━━━━━ Material for this exercise
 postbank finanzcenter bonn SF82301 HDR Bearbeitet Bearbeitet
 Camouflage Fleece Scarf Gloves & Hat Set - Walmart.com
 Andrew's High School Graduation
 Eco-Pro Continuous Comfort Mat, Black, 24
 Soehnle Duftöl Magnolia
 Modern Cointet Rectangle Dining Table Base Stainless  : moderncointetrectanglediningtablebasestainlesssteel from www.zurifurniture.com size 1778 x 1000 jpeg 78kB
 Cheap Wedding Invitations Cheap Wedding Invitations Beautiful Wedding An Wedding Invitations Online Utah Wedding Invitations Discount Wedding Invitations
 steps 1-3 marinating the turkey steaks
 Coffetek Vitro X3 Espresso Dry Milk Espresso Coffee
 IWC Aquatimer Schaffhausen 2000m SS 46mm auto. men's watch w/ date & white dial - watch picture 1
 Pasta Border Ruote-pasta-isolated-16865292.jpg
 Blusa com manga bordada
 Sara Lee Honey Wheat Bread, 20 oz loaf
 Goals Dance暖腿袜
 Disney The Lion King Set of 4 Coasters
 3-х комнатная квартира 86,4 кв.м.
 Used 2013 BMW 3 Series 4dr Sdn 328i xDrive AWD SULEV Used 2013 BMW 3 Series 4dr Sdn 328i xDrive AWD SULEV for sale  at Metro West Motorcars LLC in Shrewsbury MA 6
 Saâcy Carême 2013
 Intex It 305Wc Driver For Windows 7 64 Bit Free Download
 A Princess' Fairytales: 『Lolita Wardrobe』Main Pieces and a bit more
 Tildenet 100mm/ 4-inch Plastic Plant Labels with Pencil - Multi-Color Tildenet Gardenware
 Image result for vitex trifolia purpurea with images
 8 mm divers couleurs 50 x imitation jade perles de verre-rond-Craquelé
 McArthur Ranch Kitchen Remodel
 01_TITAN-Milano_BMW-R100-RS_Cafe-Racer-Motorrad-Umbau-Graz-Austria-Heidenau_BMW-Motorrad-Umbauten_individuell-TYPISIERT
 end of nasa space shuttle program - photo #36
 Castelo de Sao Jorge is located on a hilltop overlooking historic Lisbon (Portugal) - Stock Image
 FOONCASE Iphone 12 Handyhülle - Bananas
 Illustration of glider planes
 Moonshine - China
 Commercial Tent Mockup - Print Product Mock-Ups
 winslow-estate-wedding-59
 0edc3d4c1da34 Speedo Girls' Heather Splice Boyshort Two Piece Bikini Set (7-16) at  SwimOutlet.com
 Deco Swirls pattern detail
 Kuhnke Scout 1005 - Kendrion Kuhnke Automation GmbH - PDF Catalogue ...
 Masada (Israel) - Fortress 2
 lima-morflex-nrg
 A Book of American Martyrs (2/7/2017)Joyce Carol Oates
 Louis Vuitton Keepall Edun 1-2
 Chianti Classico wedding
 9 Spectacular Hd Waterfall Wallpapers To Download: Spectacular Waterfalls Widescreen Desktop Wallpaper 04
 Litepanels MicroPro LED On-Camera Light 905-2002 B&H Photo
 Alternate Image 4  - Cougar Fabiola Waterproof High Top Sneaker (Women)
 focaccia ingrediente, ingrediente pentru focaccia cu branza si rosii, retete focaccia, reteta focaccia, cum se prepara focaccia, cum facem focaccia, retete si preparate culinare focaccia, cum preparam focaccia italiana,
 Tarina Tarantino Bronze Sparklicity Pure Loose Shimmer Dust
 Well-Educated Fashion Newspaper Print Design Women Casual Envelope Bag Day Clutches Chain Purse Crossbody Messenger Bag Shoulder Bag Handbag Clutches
━━━━━━━━━━
Where a line of the records has the string "High", copy that line.

Solution for this exercise:
 Andrew's High School Graduation
 Alternate Image 4  - Cougar Fabiola Waterproof High Top Sneaker (Women)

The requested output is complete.